The Japanese like their drink. They can get drunk at night, but they show up the next day. I have seen this many times.
Surely this illustrates a truism: Work hard / Play hard.
The general theme I see playing out in this book is this: The truth of Progressivism and Big government *if* the proletariat are a dirty, uncouth rabble who can’t find their way out of the gutter, and perhaps don’t want to.
In the case of New York City (given the policy of accepting a mass of immigrants), there was no way to produce a halfway decent society without strong and constant government intervention by do-gooders. There were just too many people ready and willing to live in their own filth.
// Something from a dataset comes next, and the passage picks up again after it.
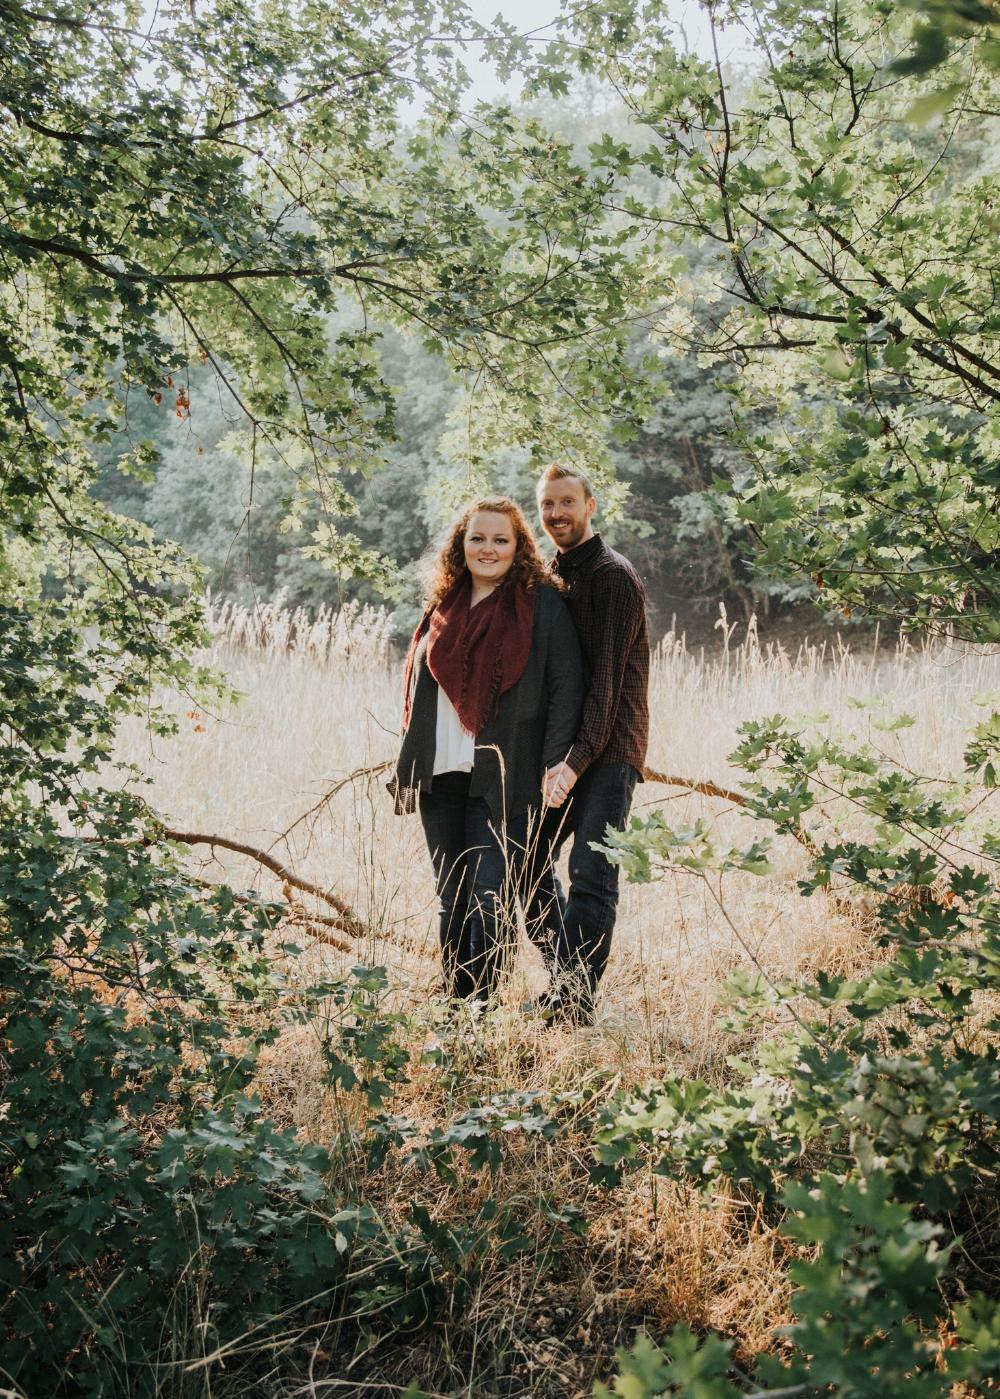 Photography | Couple | Lifestyle Photography | Couple photography | Utah photographer | Engagement Session | Engagement Photography Poses | Dellany Elizabeth
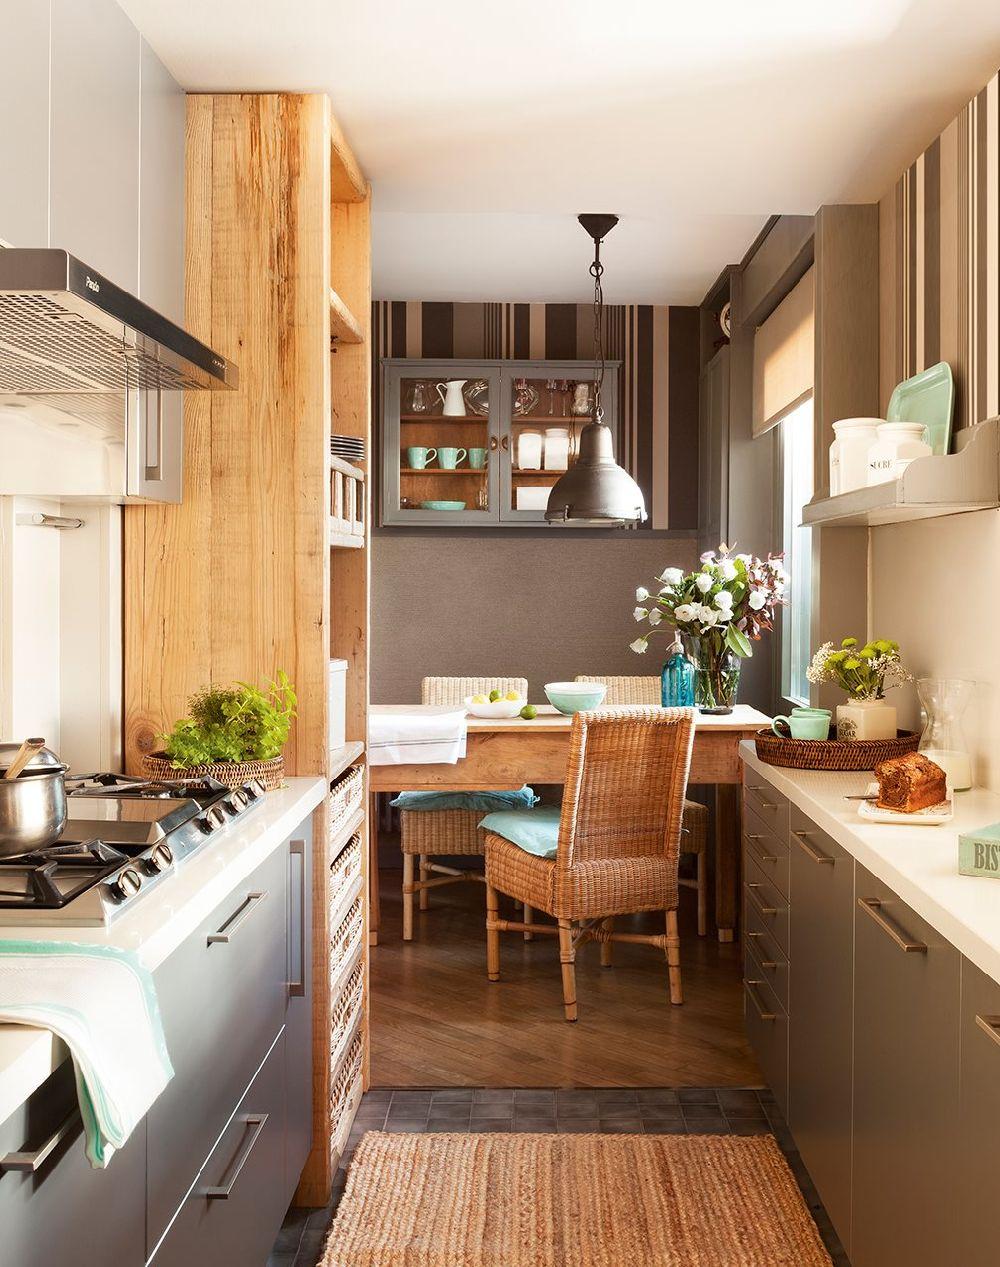 adelaparvu.com despre locuinta parter si mansarda in stil combinat clasic si rustic, designer Jeanette Tresing, Foto ElMueble (2)

Sure, in many cases, there might not have been much they could have done about it, which simply proves the point (one that Lincoln made):
“The legitimate object of government, is to do for a community of people, whatever they need to have done, but can not do, at all, or can not, so well do, for themselves in their separate, and individual capacities.”
Clearly New York City had reached this point. The influx of immigrants overwhelmed any natural mechanisms for people to start a new and productive life on their own.
Country folk (other than the now ubiquitous farm subsidies) wouldn’t know what to do with government intervention. If some bureaucrat wants to stop by and milk Nessie in the morning, then fine. But otherwise what use are they? They are simply in the way. But for the sort of rabble who congregate in cities (and they always seem to), their lives must necessarily be regulated by government for their own good.
No one here at StubbornThings likes that notion. They want less government. We represent the type of people who don’t mind working, but we don’t want to pay for the rabble who won’t make even the barest attempt to: stay sober, work hard, stay out trouble with the law, not sleep around and populate the world with their bastards, etc.
But the reality is that big cities, even now, require a strong nanny state in order to function. We can laugh at the idiots in New York who try to limit the size of Big Gulps. But the basic impulse to control the rabble isn’t necessarily wrong.
We conservatives (at least those few here) probably understand the principle that Jefferson did long ago: “When we get piled upon one another in large cities, as in Europe, we shall become as corrupt as Europe.” The was certainly New York City at the time.
Modern methods (and vast amounts of public money) have ameliorated many of those ills. Modern transit systems, hospitals, and police forces — none of which Jefferson anticipated — have helped make big cities a livable place. And not only a livable place but a preferred place.
Some cities have abrogated this inherent “social contract” and have increasingly become dirty and unsafe places. Now bums, feces, discarded needles, gangs, violence, and/or illegal aliens plague some whole cities, or portions of them. There is no John Jacob Astor who has stepped forward to state the obvious. Our “Progressive” leaders have done what they can to wall us off from even discussing these problems.
The various reasons for this turn around in America have been discussed here. But this is oddly the reverse state of things in some cities where they are not doing the basic job required of them — the job that New York City once faced and more or less dealt with.